[Entries supplied]:
_ _ _ _
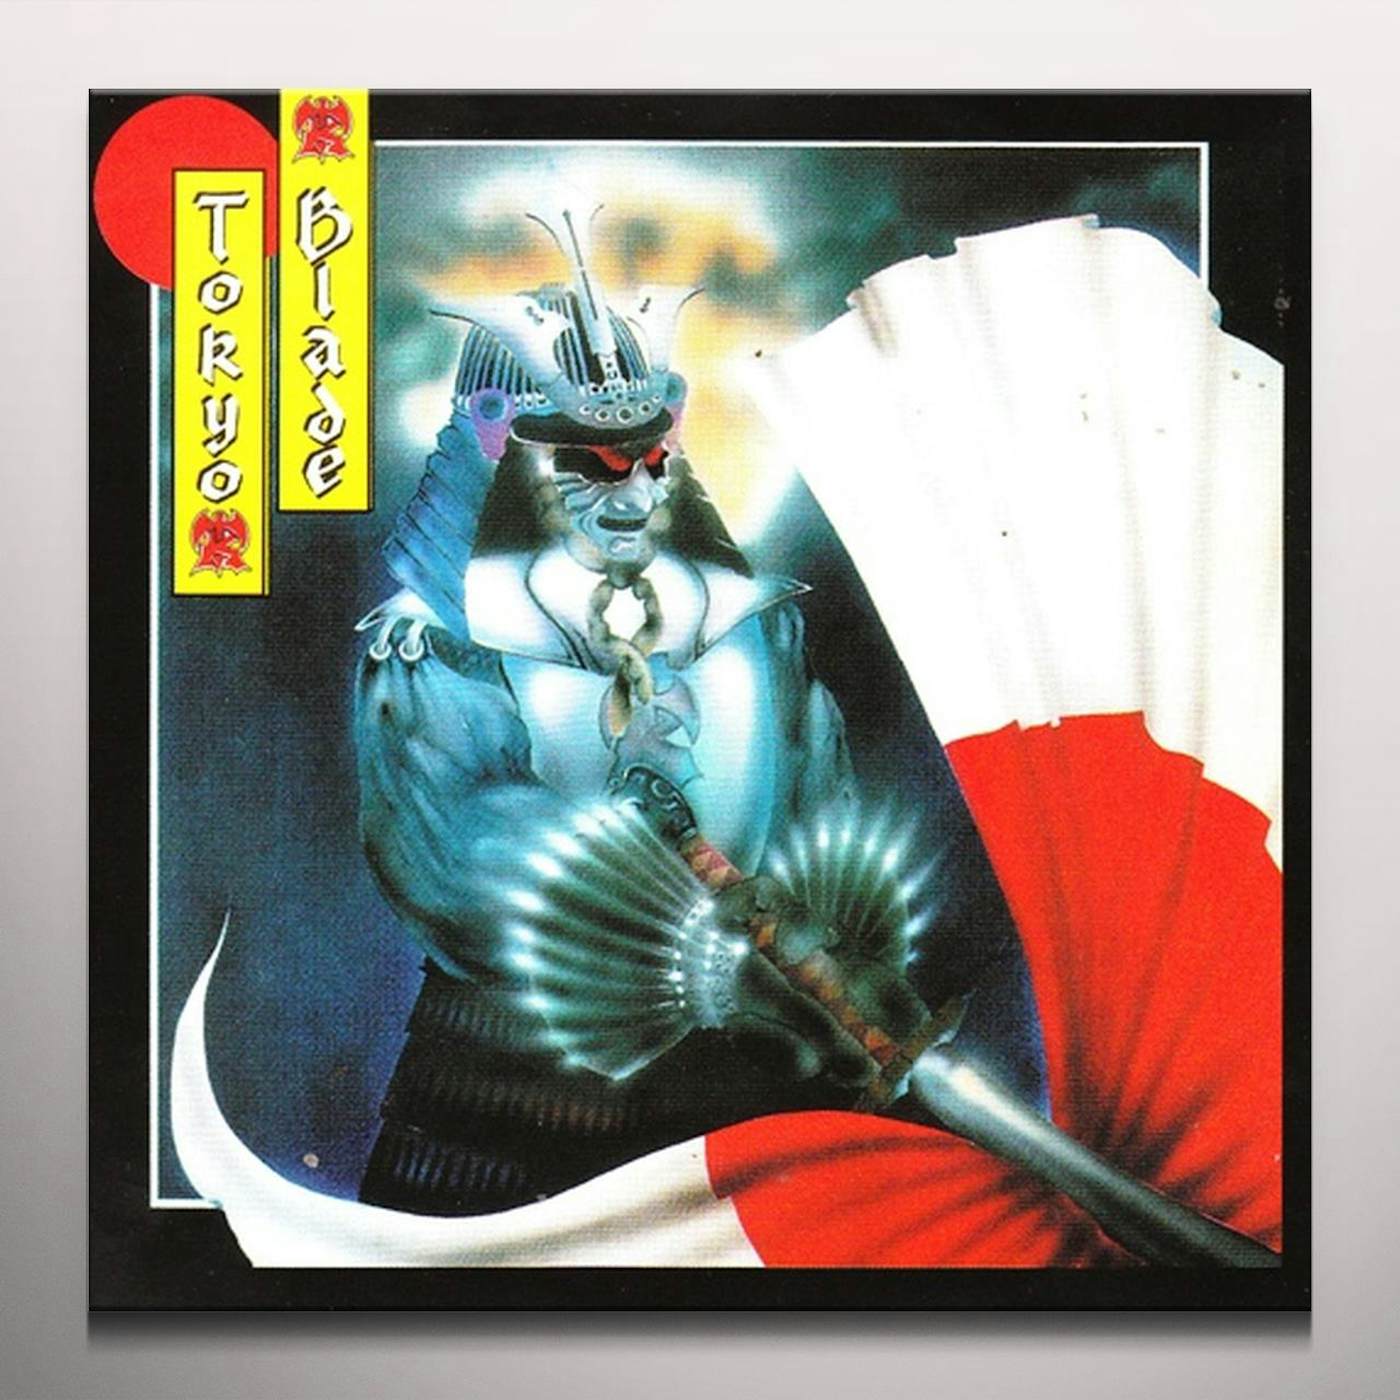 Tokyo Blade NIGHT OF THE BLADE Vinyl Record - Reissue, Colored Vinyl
_ _ _ _
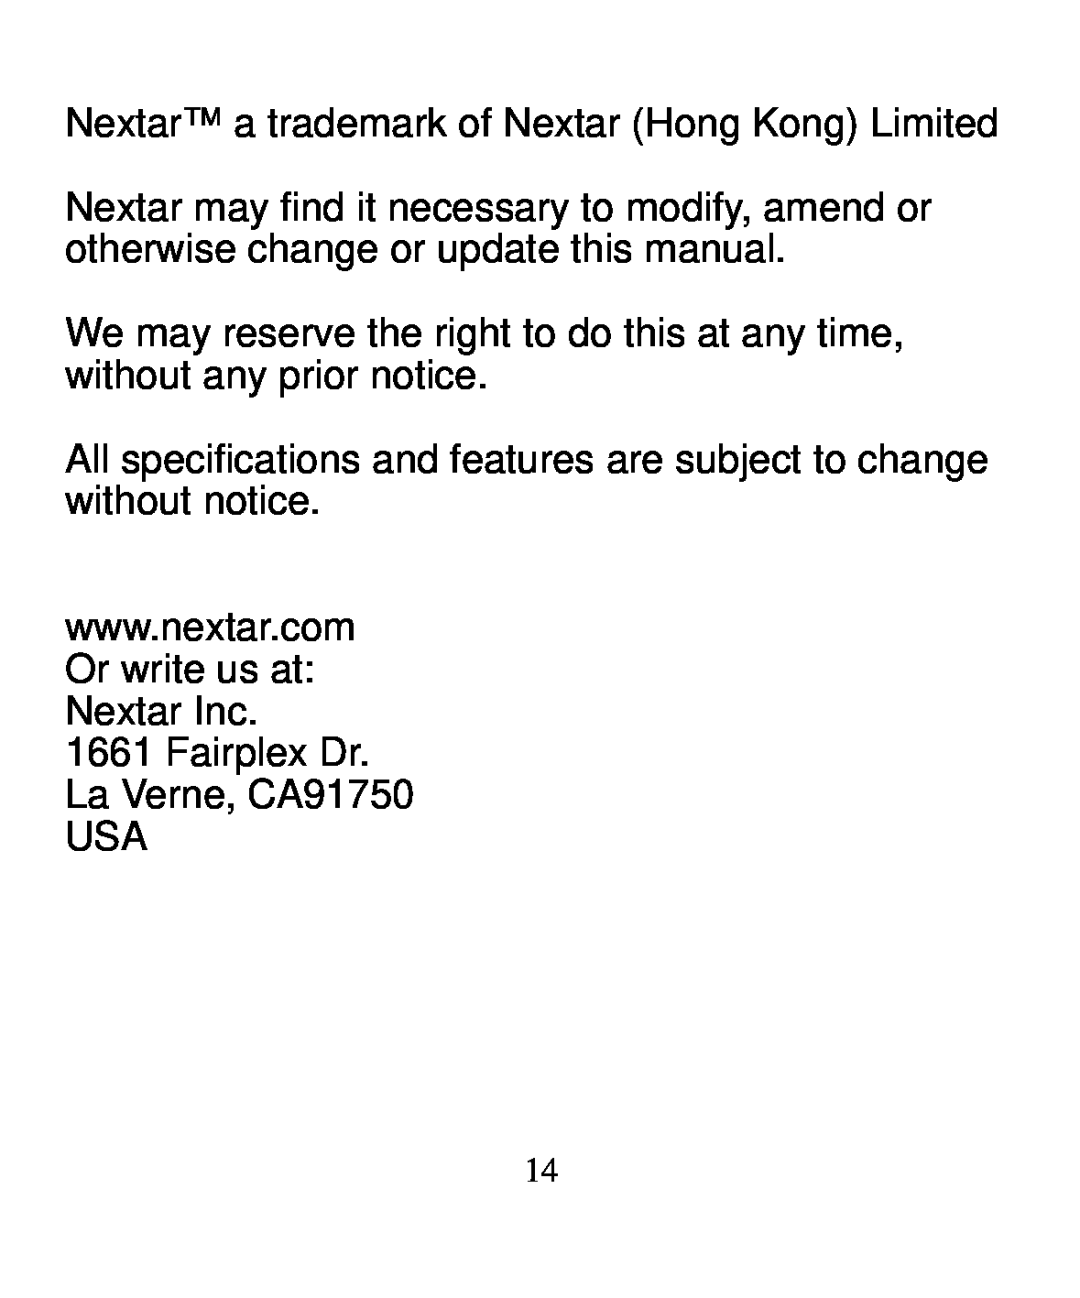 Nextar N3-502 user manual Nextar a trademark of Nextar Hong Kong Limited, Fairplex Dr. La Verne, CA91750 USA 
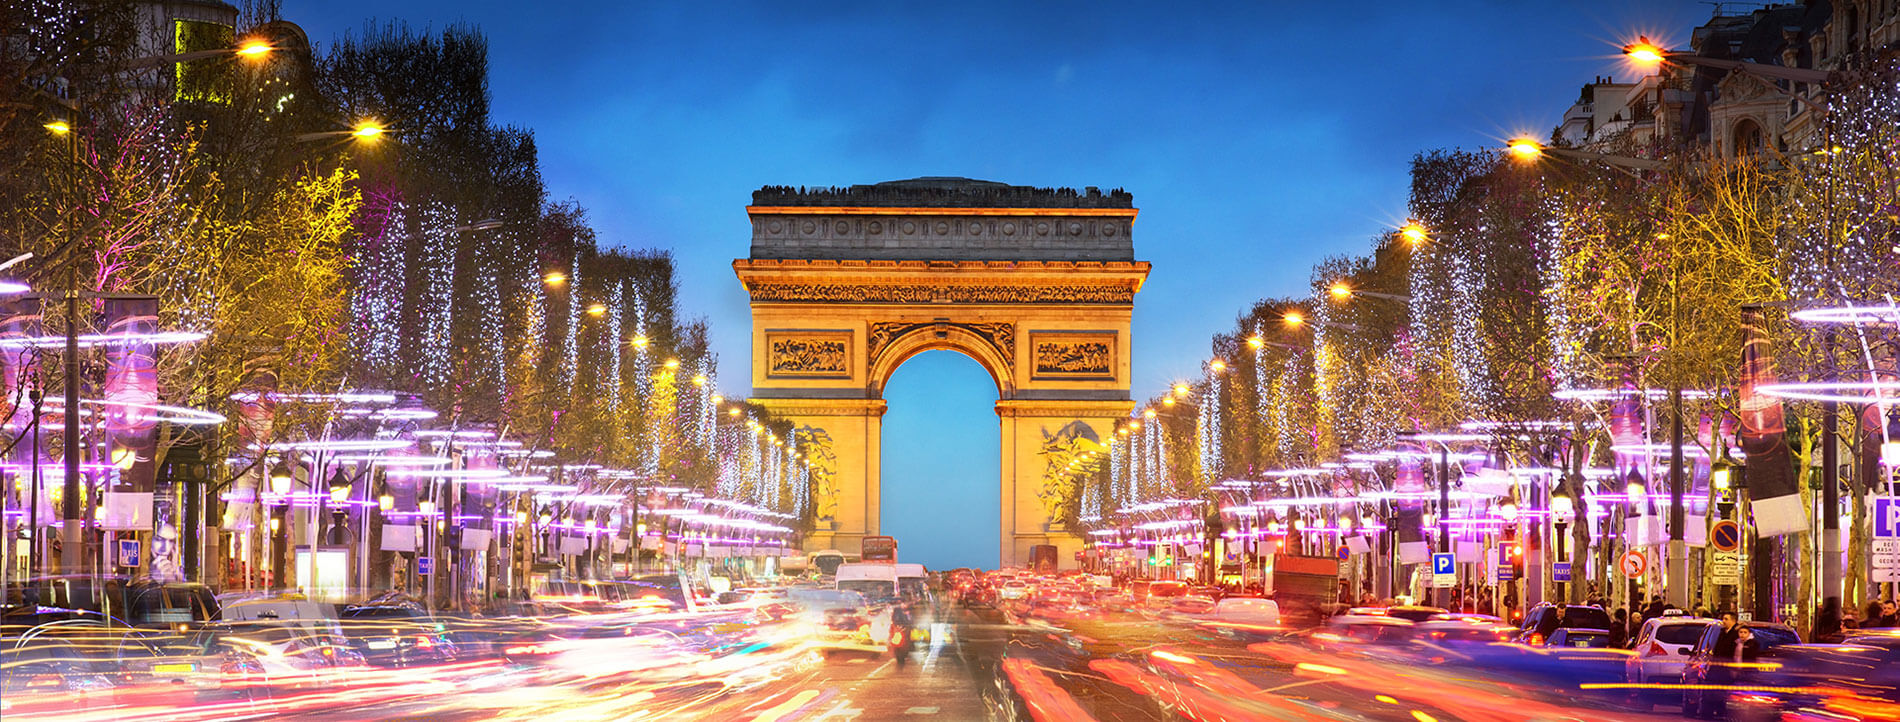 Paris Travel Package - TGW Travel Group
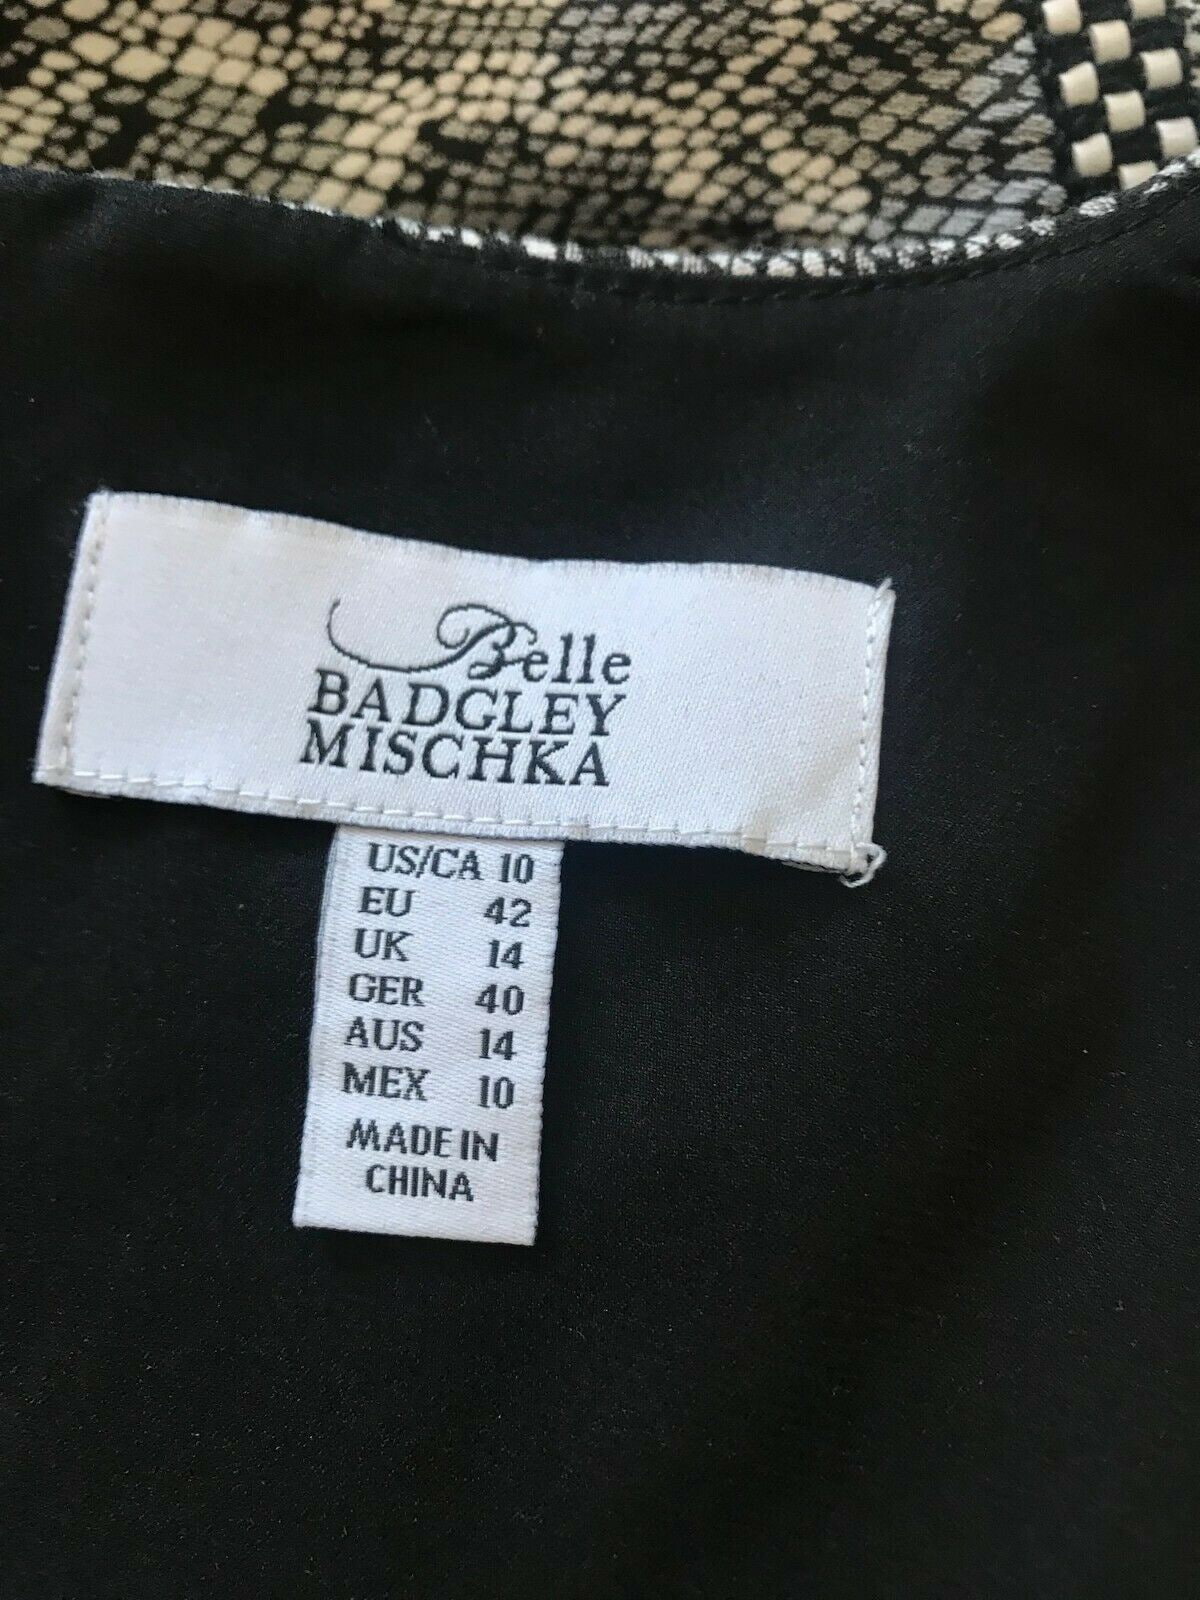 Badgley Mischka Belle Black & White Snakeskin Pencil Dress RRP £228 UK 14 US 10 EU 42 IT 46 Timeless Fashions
_ _ _ _
[Task]: In the records above, find the line with "Nextar N3-502 user" and the line with "Badgley Mischka Belle"; please transcribe exactly those two lines and all lines between them, omitting any picture.

[Solved exercise]:
 Nextar N3-502 user manual Nextar a trademark of Nextar Hong Kong Limited, Fairplex Dr. La Verne, CA91750 USA 
 Paris Travel Package - TGW Travel Group
 Badgley Mischka Belle Black & White Snakeskin Pencil Dress RRP £228 UK 14 US 10 EU 42 IT 46 Timeless Fashions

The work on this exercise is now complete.